Papers provide evidence for or against various hypotheses, but no one paper is ever a definitive statement on an issue. It is expected that different trials will have different outcomes, both due to differences in the studies themselves (different inclusion/exclusion criteria, different study population, different dose/procedure, etc) and random statistical variation.
It's also very important to recognize that most studies are designed to test whether there is sufficient evidence to reject a null hypothesis of no effect. Failure to reject that null hypothesis does not mean that there is no effect, it means that the results aren't different enough from what you'd expect to see if there was no effect. It may be that there is a smaller effect than the study was powered to detect. Also, consider that a properly powered study generally has a true-positive detection rate of somewhere between 80 and 90%; that means, 10-20% of the time when there's a real effect of the expected size, the study won't be able to conclude there is a significant difference.

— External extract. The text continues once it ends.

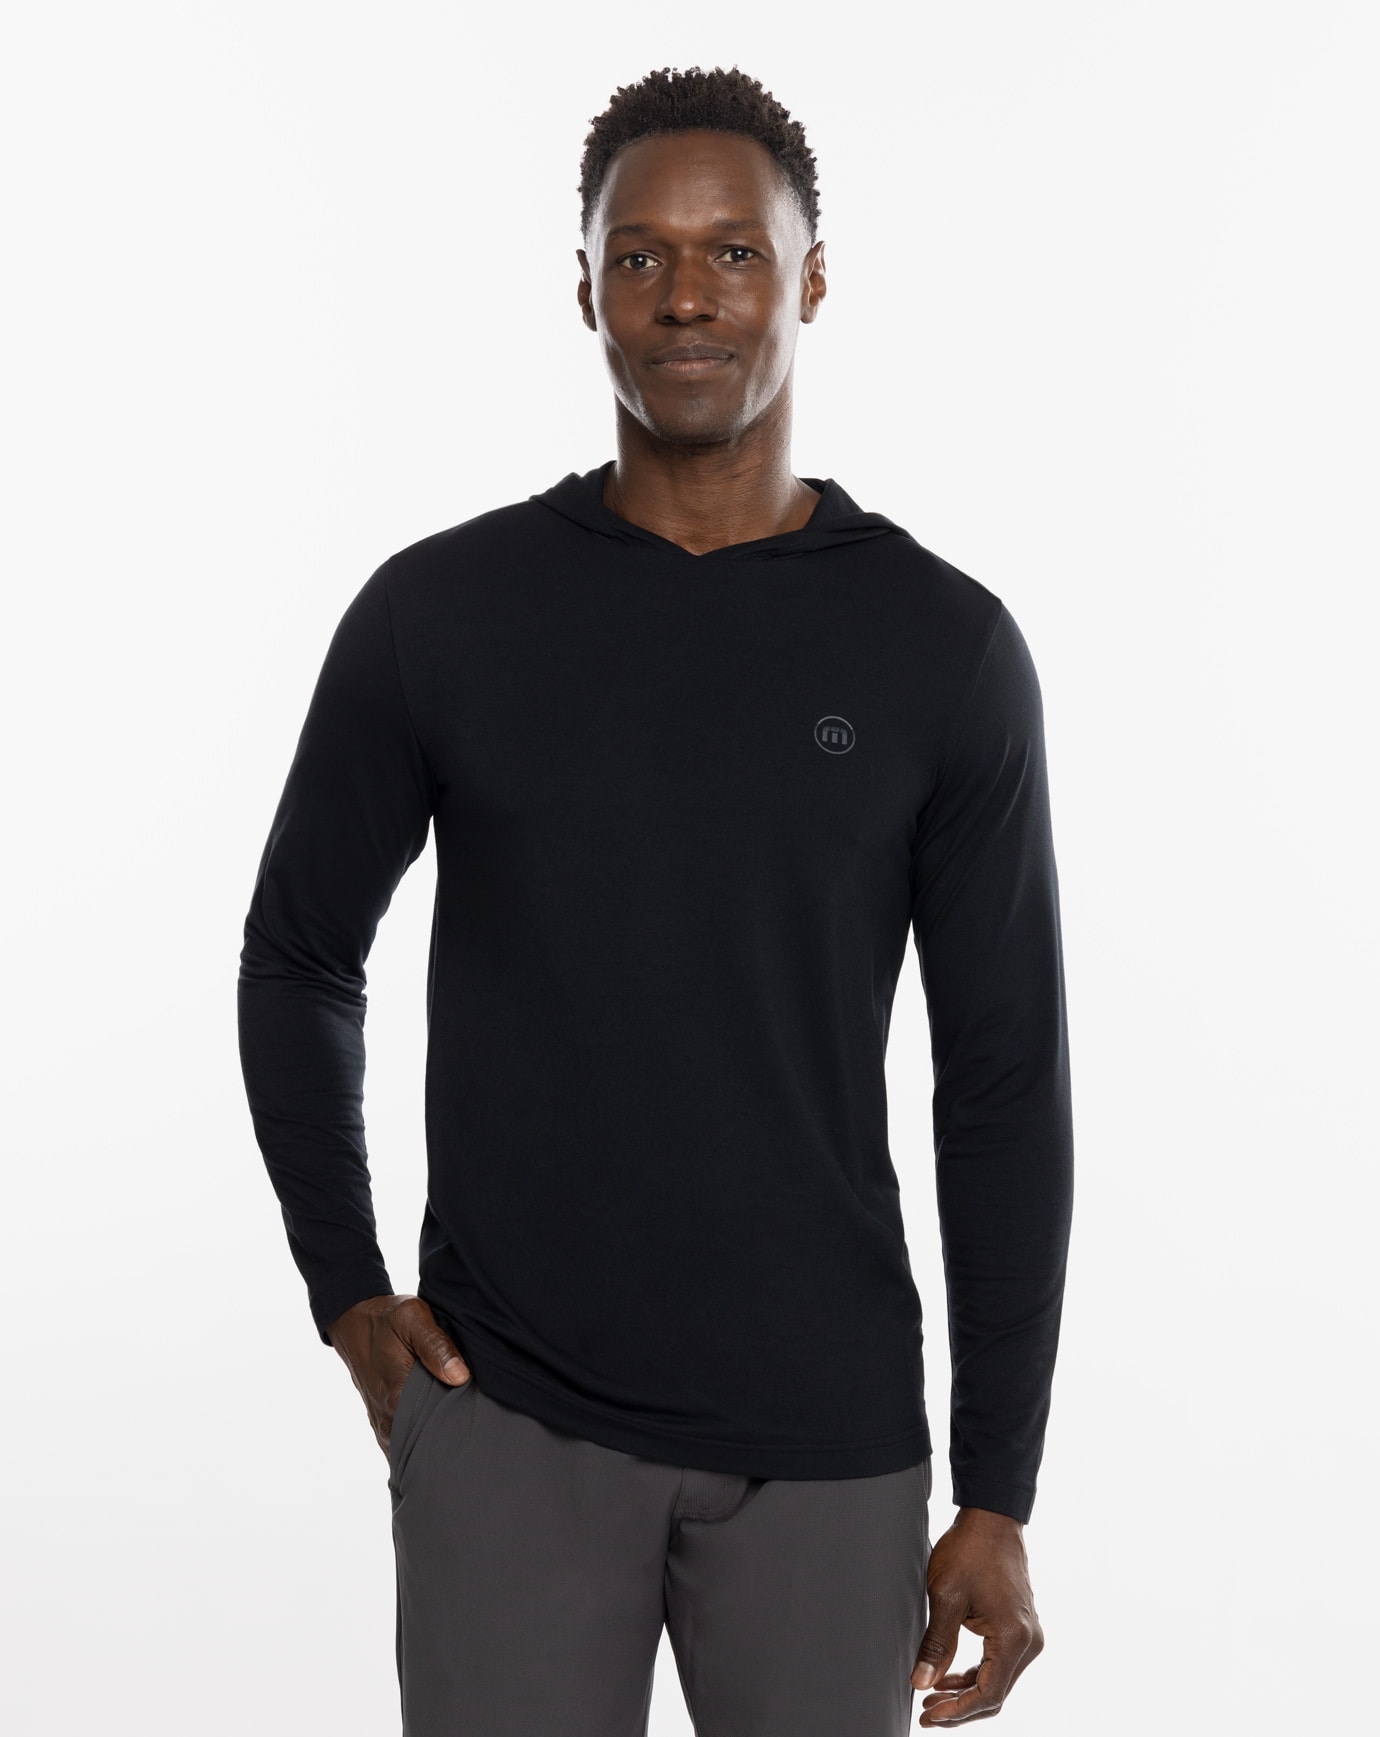 Related Product - SHIP SHAPE ACTIVE HOODIE

So, when there are multiple studies with different results, how do we decide what is "right"? Well, scientific consensus is built over many studies. In clinical research, the best evidence is when you have not only clinical evidence of an effect, but also an understood biological mechanism. At just the clinical level, though, studies can be combined through techniques of meta-analysis. Meta-analysis combines results from multiple studies, weights them by the size/quality of the study, and makes a comprehensive quantitative estimate from the covered literature. If you want to look for scientific consensus on something, you often want to look for recent meta analyses of that topic. In the medical field, there are also often consensus papers written on particular topics. Here's an example:
Priori, S. G., Wilde, A. A., Horie, M., Cho, Y., Behr, E. R., Berul, C., ... & Tracy, C. (2013). HRS/EHRA/APHRS expert consensus statement on the diagnosis and management of patients with inherited primary arrhythmia syndromes: document endorsed by HRS, EHRA, and APHRS in May 2013 and by ACCF, AHA, PACES, and AEPC in June 2013. Heart rhythm, 10(12), 1932-1963.
These statements are written by a bunch of scientists/physicians gathering together and comprehensively reviewing literature on some topic. They typically will weigh not only evidence for effect like in meta analysis, but also consider the implications of treatment options including costs, side effects, and the consequences of getting it wrong (for example, if a treatment following a wrong diagnosis masks some other condition that then goes untreated).